*** Opening Data ***

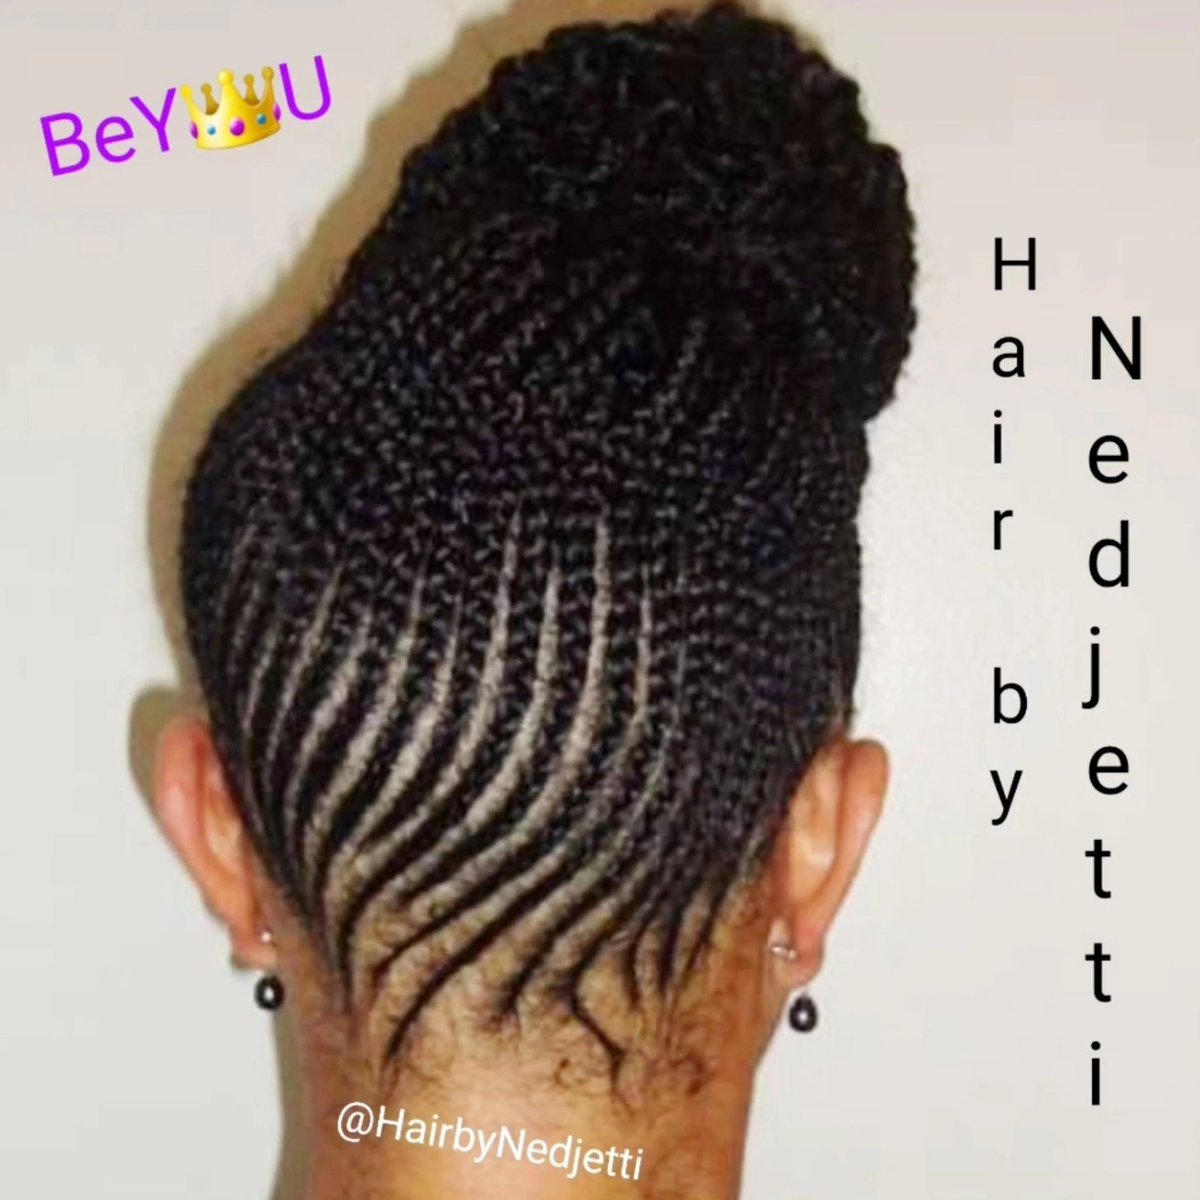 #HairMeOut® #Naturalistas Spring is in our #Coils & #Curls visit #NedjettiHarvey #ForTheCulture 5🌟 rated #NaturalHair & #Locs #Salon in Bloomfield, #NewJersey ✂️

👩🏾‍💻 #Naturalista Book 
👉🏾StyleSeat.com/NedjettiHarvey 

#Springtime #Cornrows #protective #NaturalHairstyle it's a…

*** Closing Data ***

**Aim of the exercise**. Reproduce the entire listing above precisely, but keep the images out.

**Written solution**.
 #HairMeOut® #Naturalistas Spring is in our #Coils & #Curls visit #NedjettiHarvey #ForTheCulture 5🌟 rated #NaturalHair & #Locs #Salon in Bloomfield, #NewJersey ✂️

👩🏾‍💻 #Naturalista Book 
👉🏾StyleSeat.com/NedjettiHarvey 

#Springtime #Cornrows #protective #NaturalHairstyle it's a…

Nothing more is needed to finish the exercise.